Father civil servant. 4 classes in High School. Few Heads. Test drawing
unsatisfactory."
According
to William L. Shirer Hitler tried again the following year and this time
his drawings were so poor that he was not admitted to the test. In Mein
Kampf Hitler told how he requested an explanation from the rector of
the Academy:
"That
gentleman assured me that the drawings I had submitted incontrovertibly
showed my unfitness for painting, and that my ability obviously lay in
the field of architecture; for me, he said, the Academy's School of
Painting was out of the question, the place for me was at the School of
Architecture."
But
Adolf Hitler did not pursue his ambition to enter the School of
Architecture - he realized that his failure years ago to graduate from
high school might well block his entry. Within
a year he was living in homeless shelters and eating at charity
soup-kitchens. He spent his time reading anti-Semitic tabloids and
pamphlets available at the newsstands and at local coffee shops. He
had declined to take regular employment and took occasional menial jobs
and sold some of his paintings or advertising posters whenever he could
to provide sustenance.
Hitler didn't get much out of it - but in 1999 two paintings and a line
drawing by Hitler, completed between 1911 and 1914, were sold at auction
for a total of $131,000. In 2005 four sketches and two Christmas cards
signed by the Nazi dictator were sold in Montreal to a single buyer for
an undisclosed sum. A media report citing witnesses who said the items
were sold for $26,800 could not be confirmed.
By Hitler’s own accounting, he painted between one and three
watercolors a day during his Vienna years.

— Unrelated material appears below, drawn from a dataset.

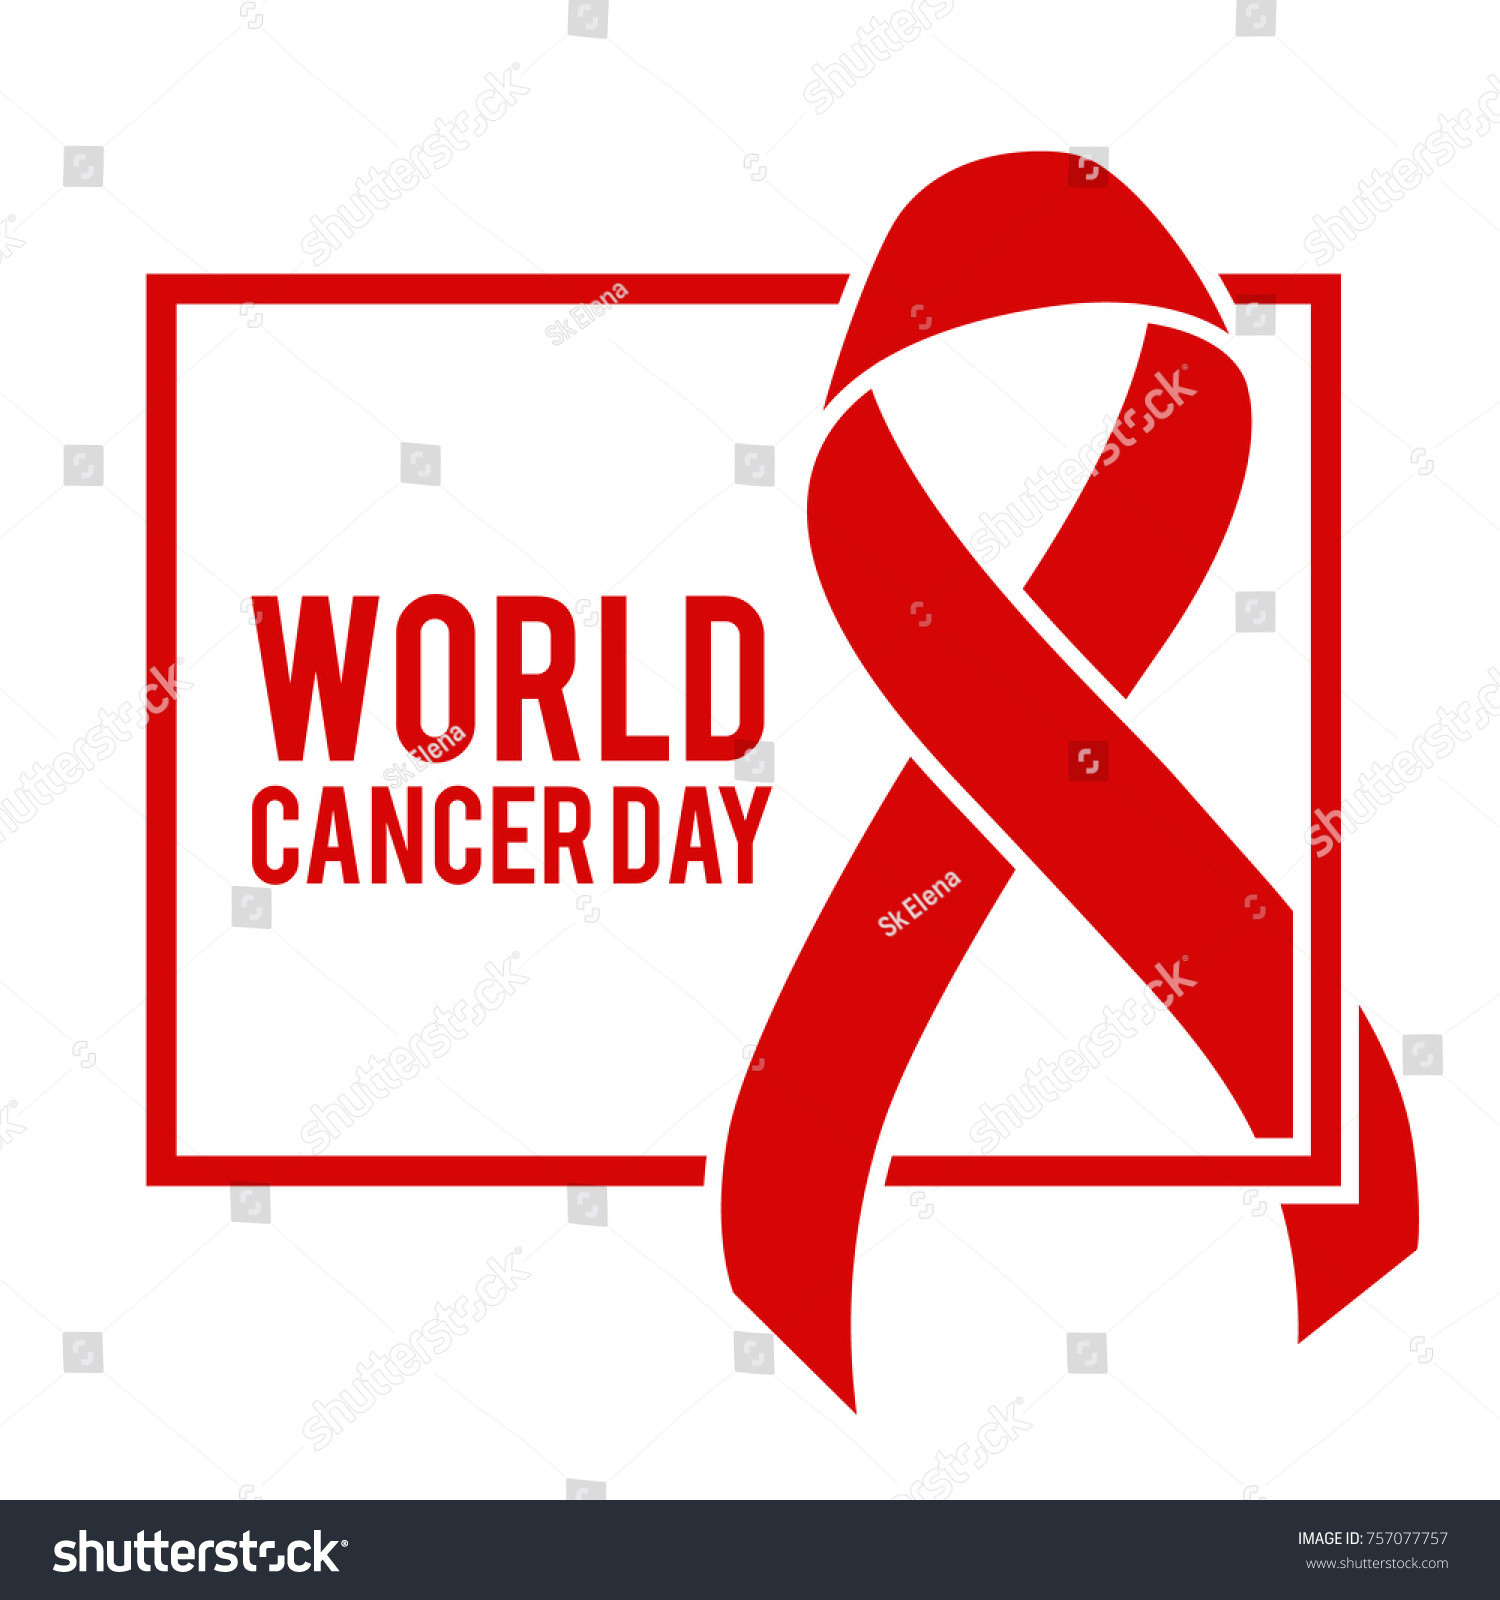 Red Ribbon Symbol Aids Day Awareness Stock Illustration 757077757

If one assumes he painted
only one painting a day, and only three days a week, then the minimum
number he would have painted would be six hundred, which is close to
Hitler's own recollection over a thousand.
According to William L. Shirer Hitler copied his scetches and
paintings from older works: pictures of Vienna, usually of some
well-known landmark as St. Stephen's Cathedral, the Opera House, The
Burgtheater, the Palace of Schoenbrunn or the Roman ruins in Schoenbrunn
Park. Shirer tells that hundreds of these pitiful pieces were sold by
Hitler to dealers who used them to fill empty picture frames on display.
And Hitler often drew posters for shopkeepers advertising such products
as Teddy's Perspiration Powder.
In Vienna Hitler already showed traits that characterized his
later life: inability to establish ordinary human relationships,
intolerance and hatred of especially the Jews, a tendency toward
denunciatory outbursts, readiness to live in a fantasy-world and so to
escape his failure.
He learned to loathe brilliant, charming, cosmopolitan Vienna for
what he called its Semitism. More to his liking was homogeneous Munich
in Germany,
his real home after 1913. Hitler went to Munich and when World War I began in
1914, he volunteered for service in the German army. To him - a man of no trade and few interests
- World War I was a welcome event which gave him some purpose in life. Hitler was twice
decorated for bravery, but only rose to the rank of corporal.